Every line of the records must be repeated exactly; pictures stay out.

__Data to examine__
· · · · · · ·

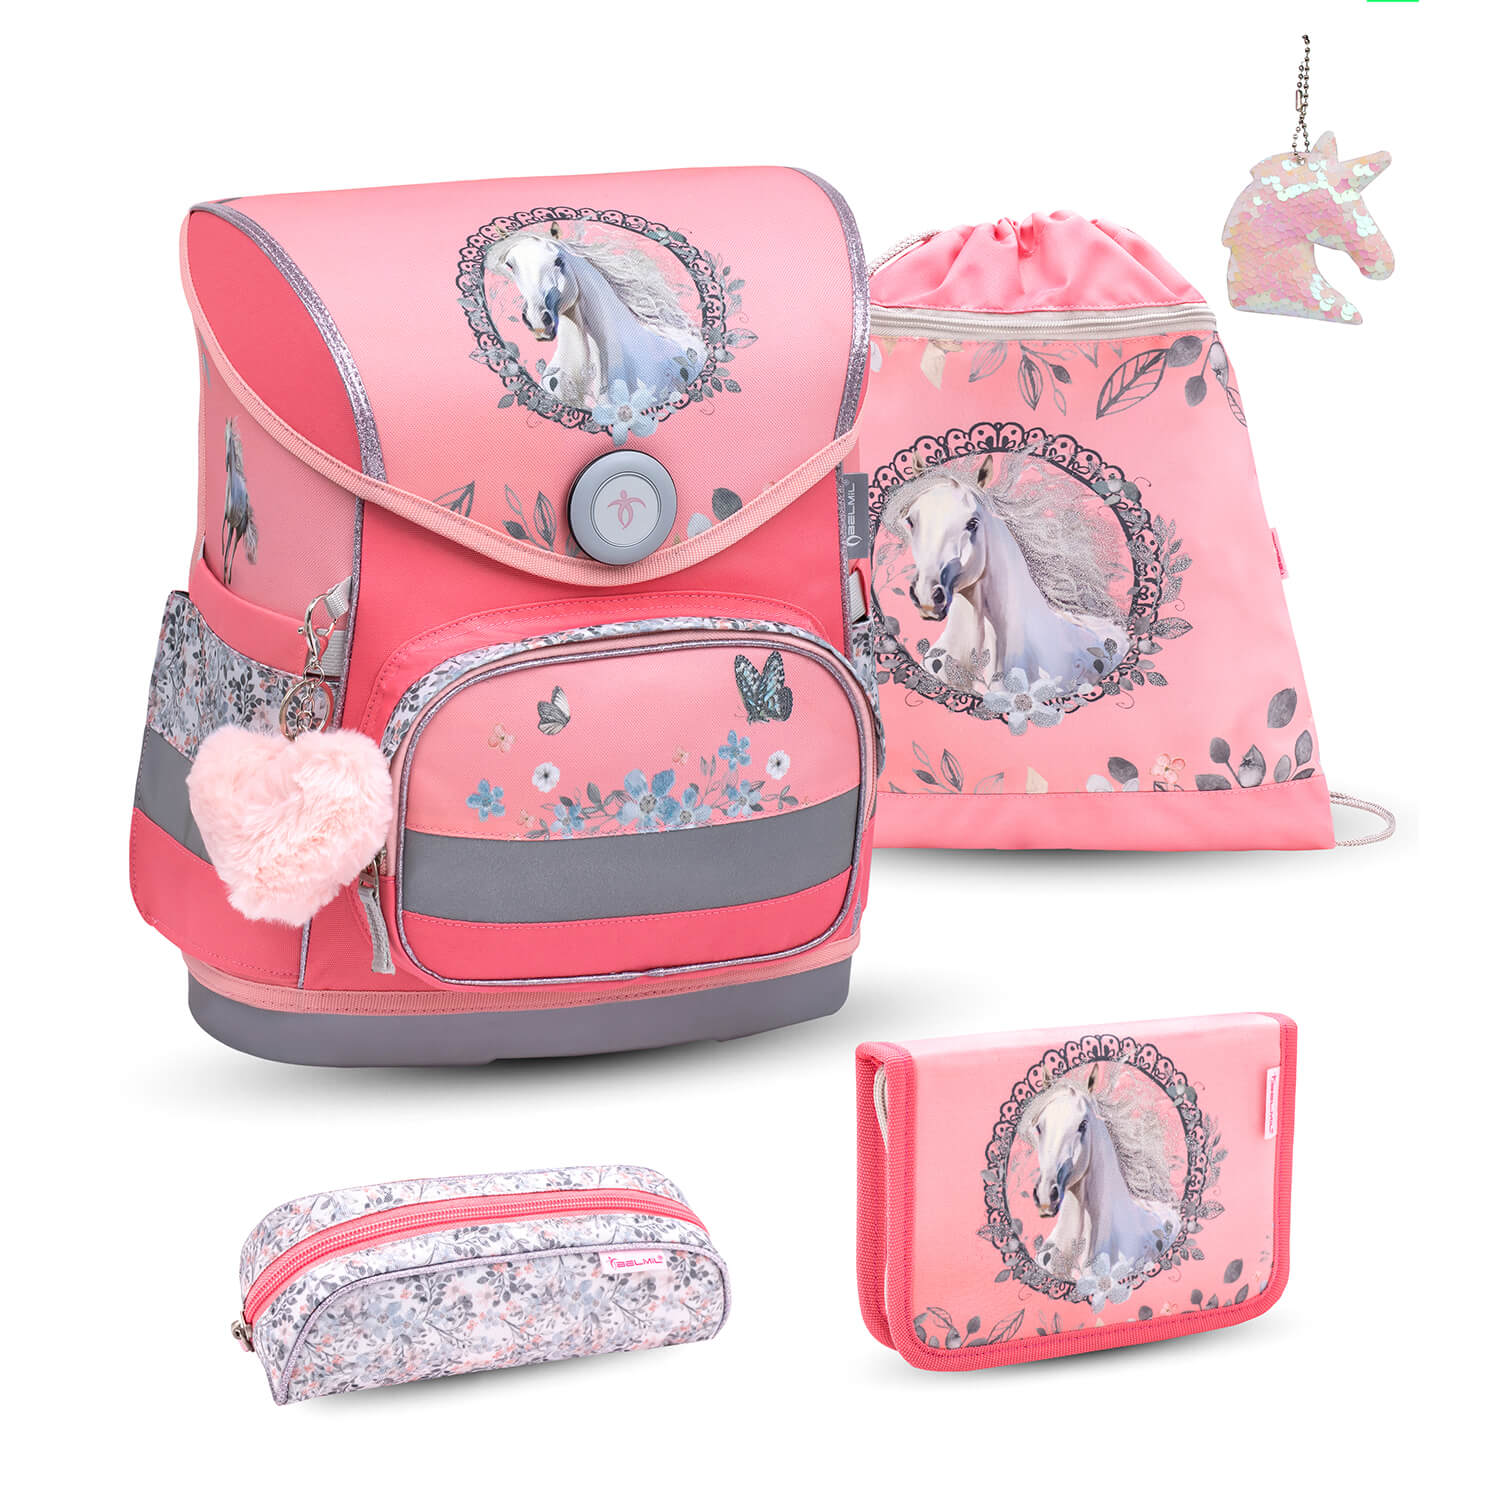 Compact Horse Snowflake schoolbag set 5 pcs with GRATIS keychain
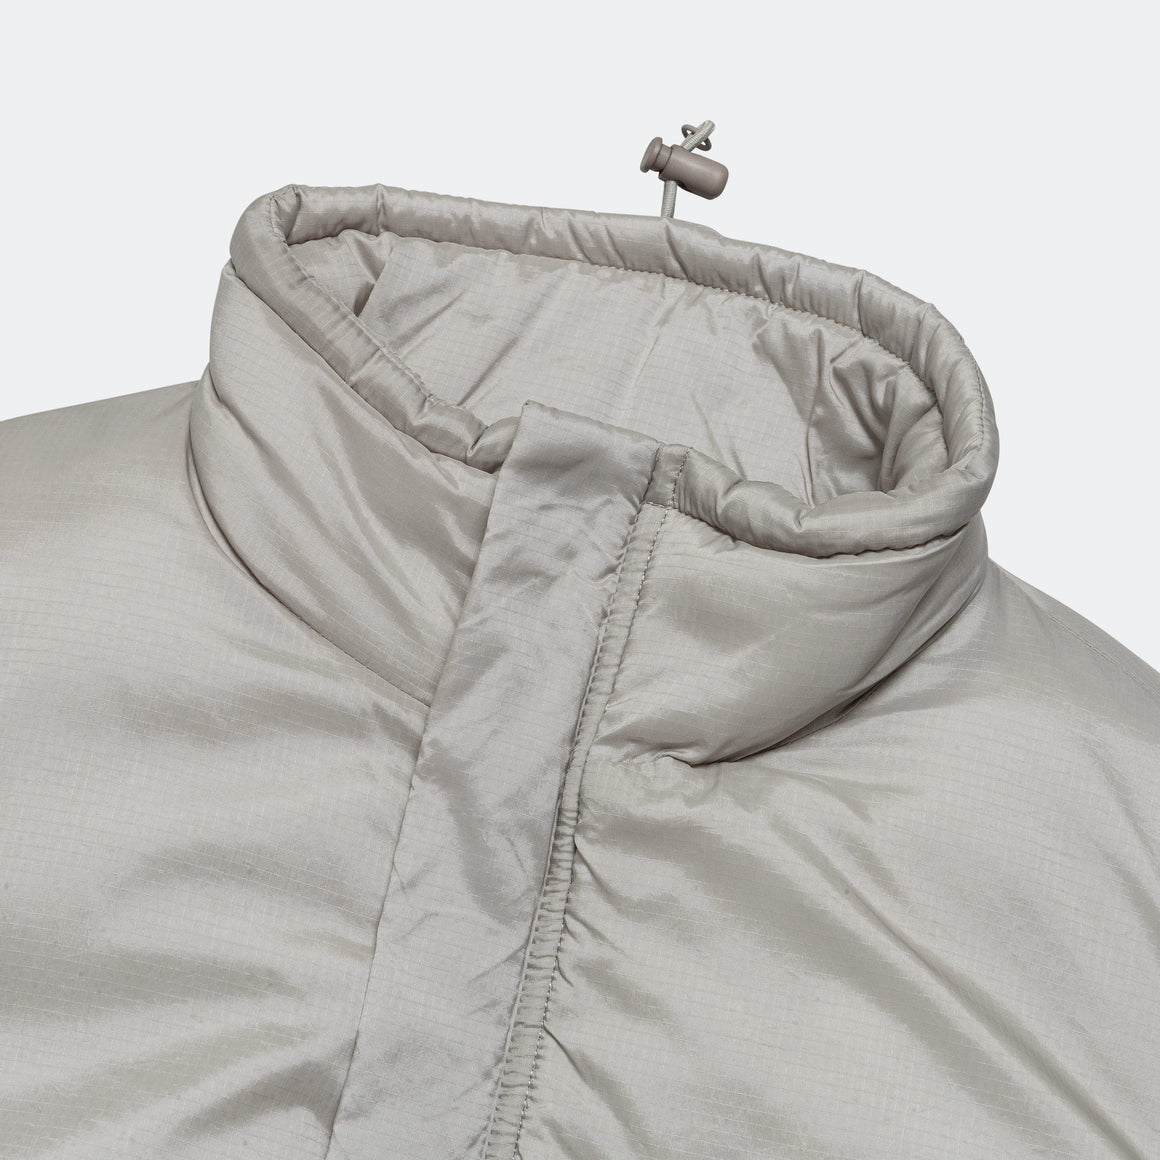 Beams Plus - MIL Puff Vest Nylon Rip Stop - Grey - UP THERE
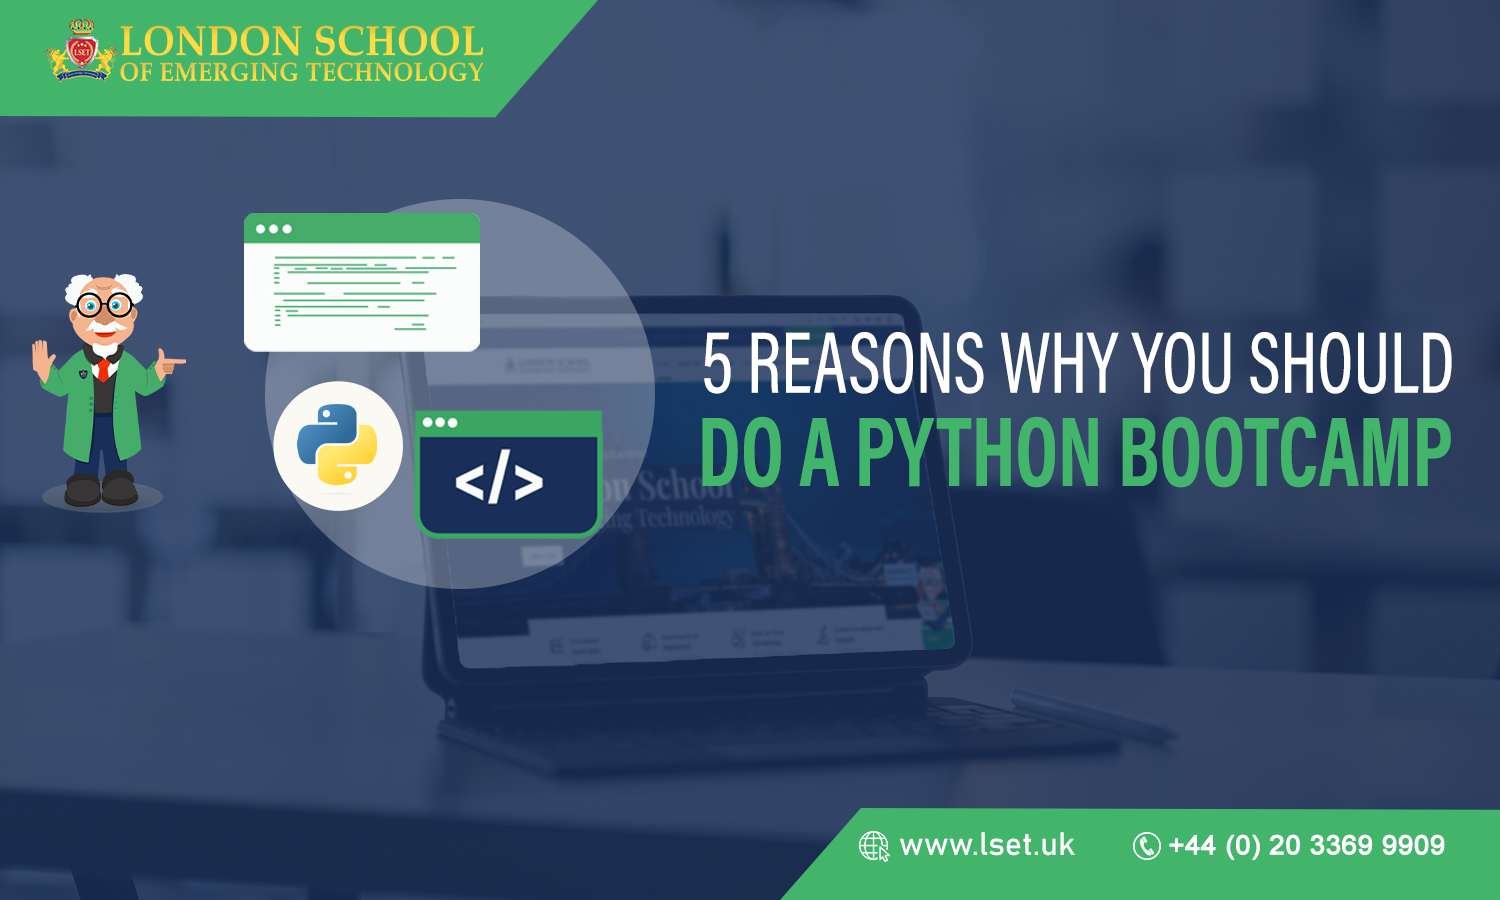 5 Reasons Why You Should Do a Python Bootcamp
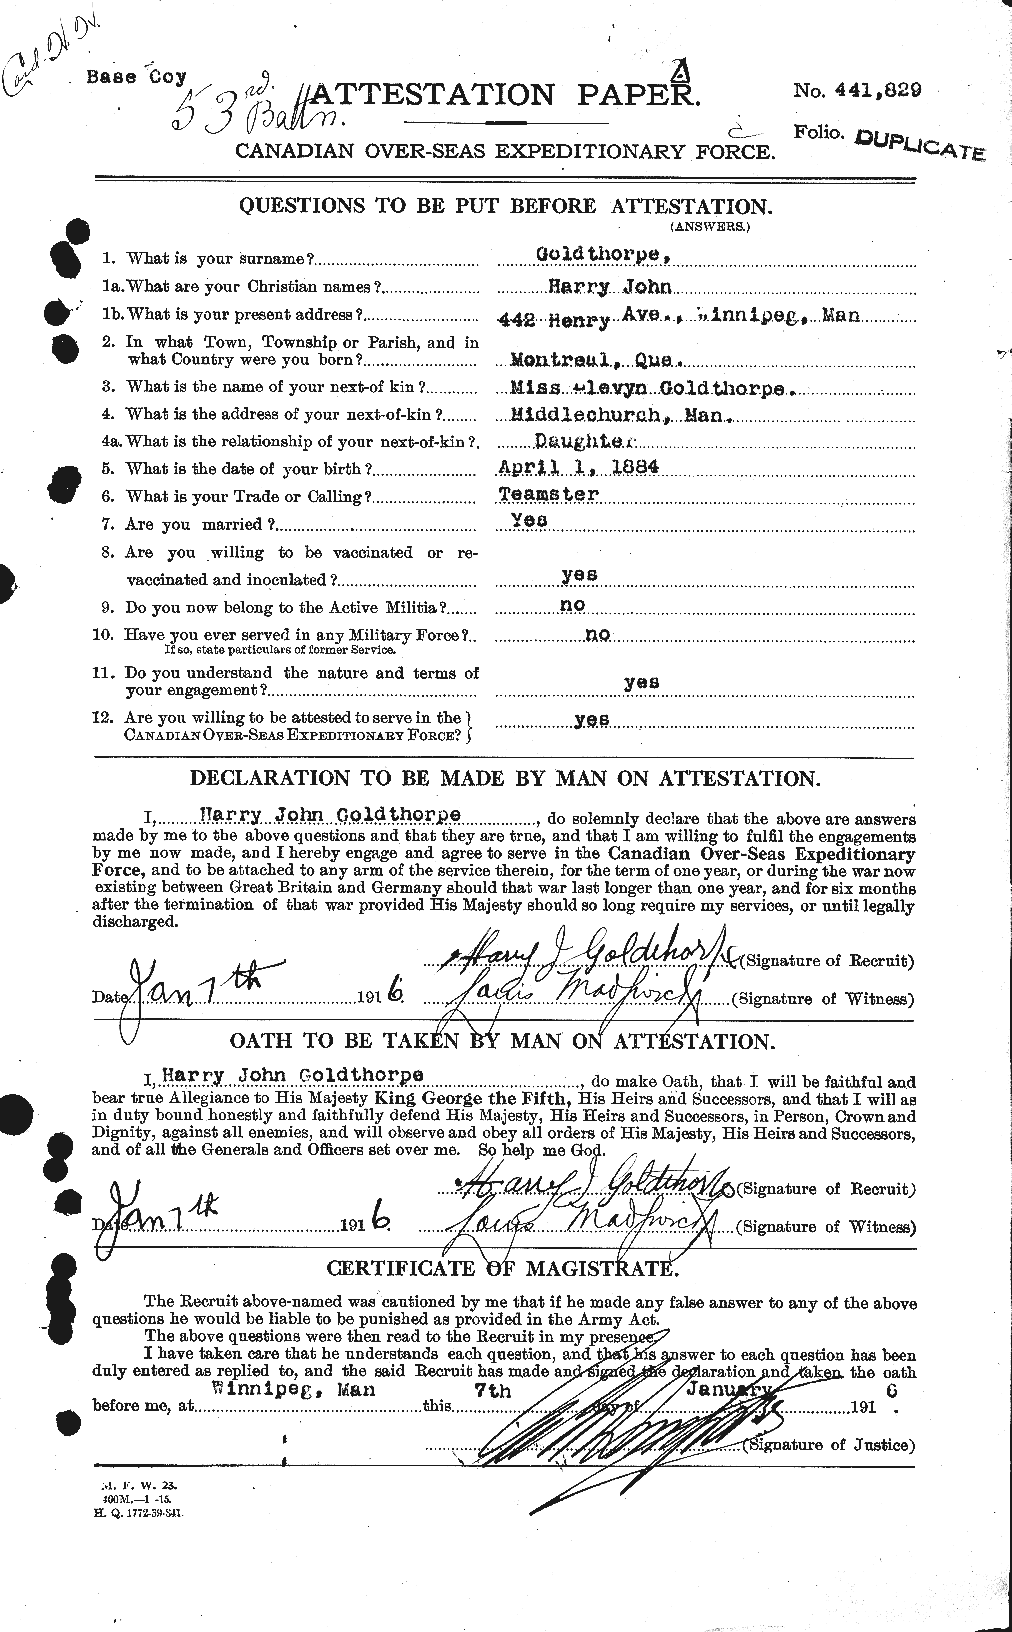 Personnel Records of the First World War - CEF 354164a
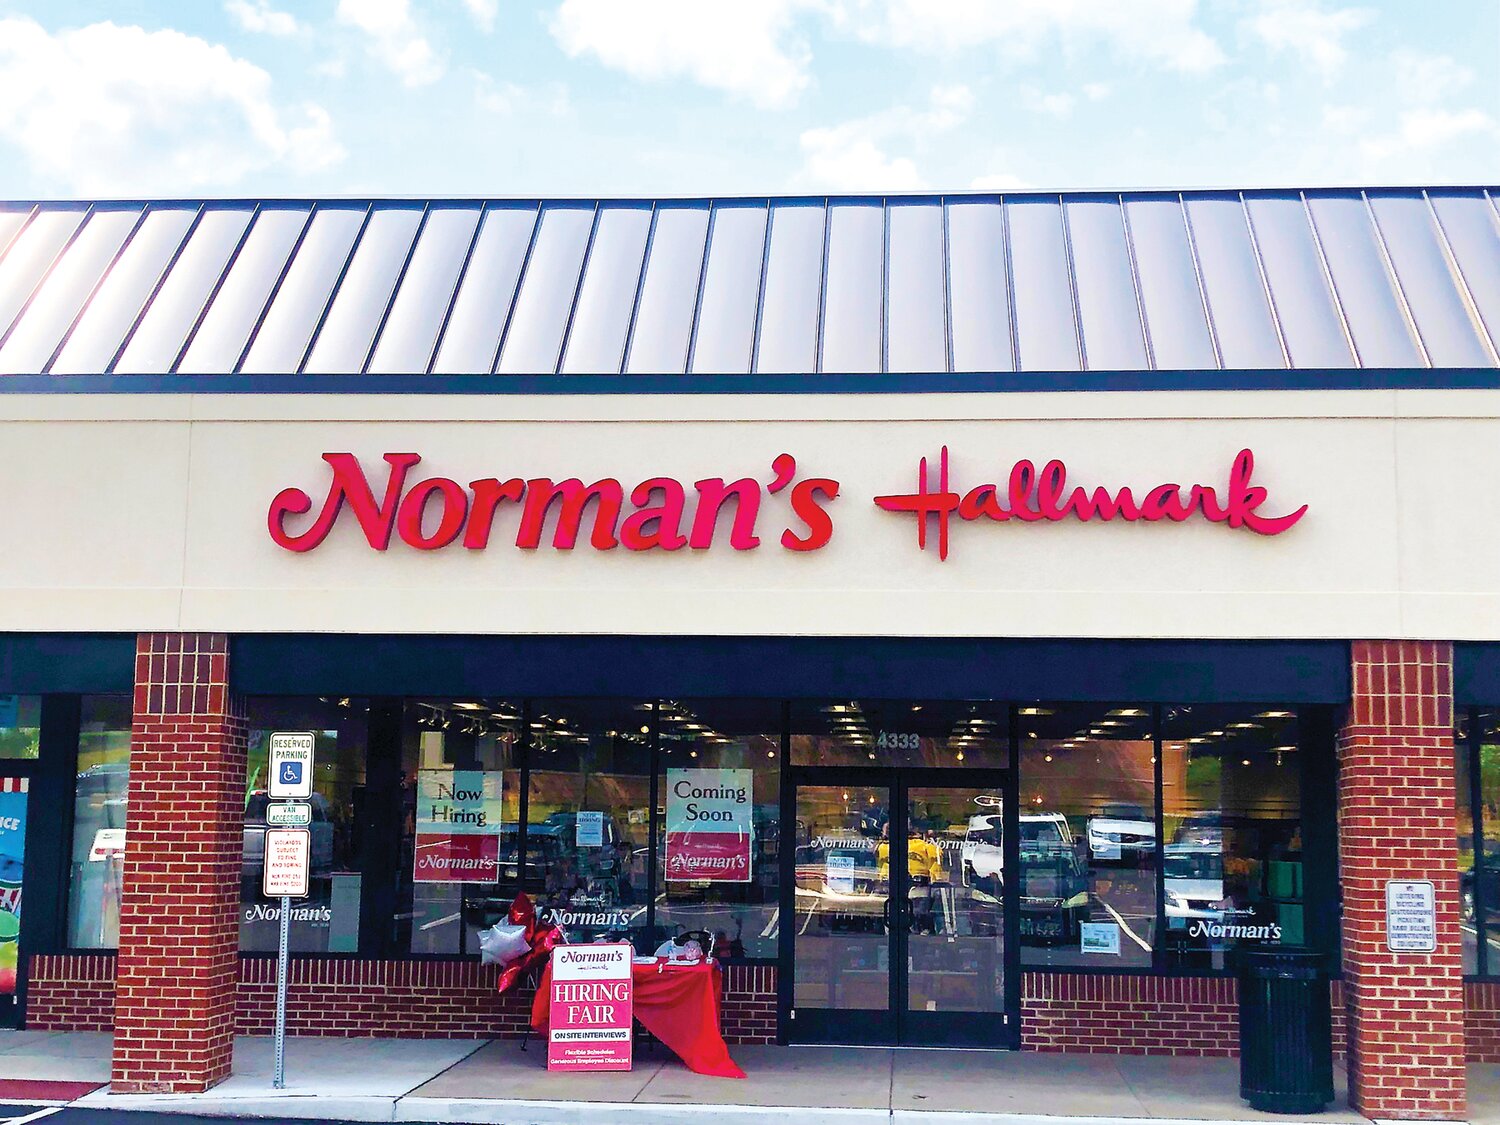 Norman’s Hallmark is now open in the Cross Keys Shopping Center in Plumstead Township, just outside Doylestown.

· · · · · · ·

__Expected output__
 Compact Horse Snowflake schoolbag set 5 pcs with GRATIS keychain
 Beams Plus - MIL Puff Vest Nylon Rip Stop - Grey - UP THERE
 5 Reasons Why You Should Do a Python Bootcamp
 Personnel Records of the First World War - CEF 354164a
 Norman’s Hallmark is now open in the Cross Keys Shopping Center in Plumstead Township, just outside Doylestown.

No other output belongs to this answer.